Em 1974, no Canadá, o Relatório Lalonde (Lalonde, 1974) destaca a proposta de Promoção da Saúde, a fim de expandir, para o lado da saúde, a concepção tradicional do processo saúde-doença. Lalonde apresenta a ideia de “campo da saúde”, constituído por: biologia humana, estilo de vida, ambiente e os serviços de saúde.

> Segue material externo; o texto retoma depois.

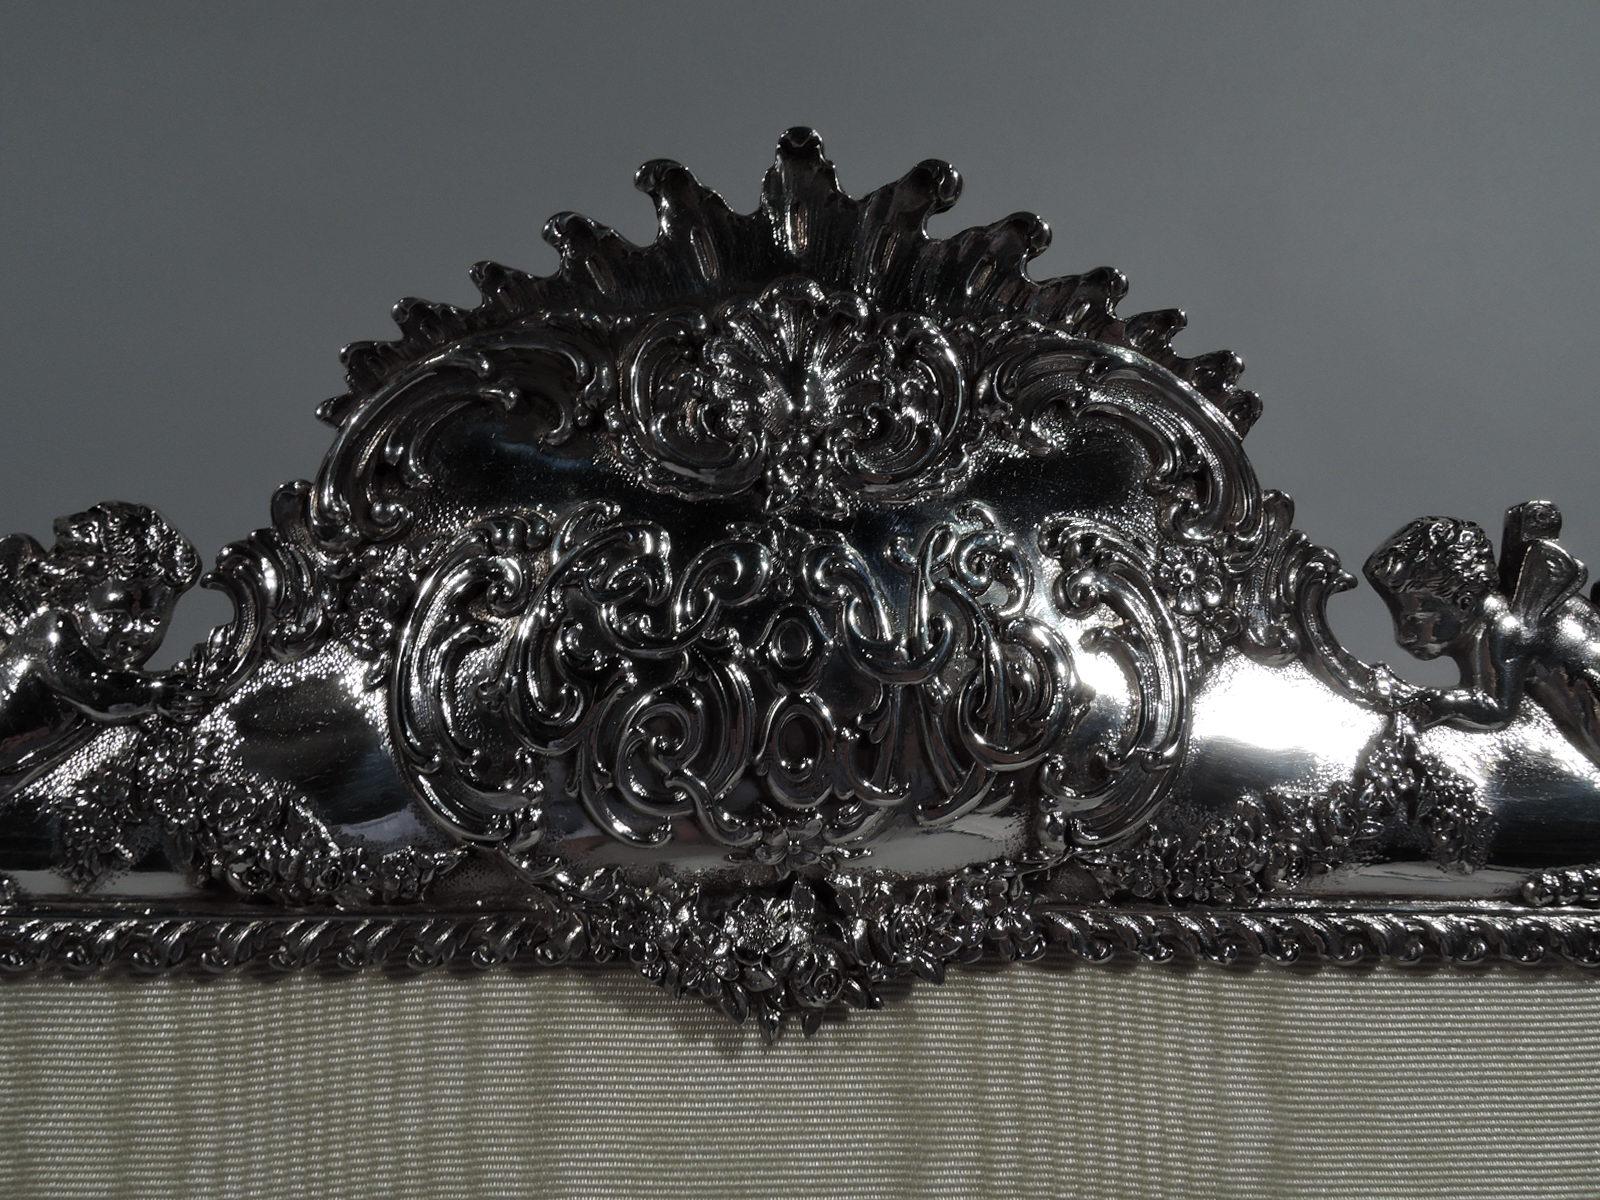 Turn-of-the-century Rococo sterling silver picture frame. Made by Tiffany & Co. in New York. Rectangular window and shaped ornate surround with bracket supports. At top are crown and corners with shell fans, winged putti supporting a garland that

É nesse contexto que a psicologia passa a dedicar atenção específica à saúde. Em 1978 a American Psychological Association cria a divisão de Psicologia da Saúde. Matarazzo (1980) apresenta uma “definição inicial” para este novo campo: “o conjunto de contribuições educacionais, científicas e profissionais específicas da Psicologia para a promoção e a manutenção da saúde, a prevenção e o tratamento da doença, a identificação dos correlatos etiológicos e diagnósticos da saúde, doença e disfunções relacionadas e para a análise e qualificação do sistema de atenção à saúde e elaboração da política de saúde” (p. 815).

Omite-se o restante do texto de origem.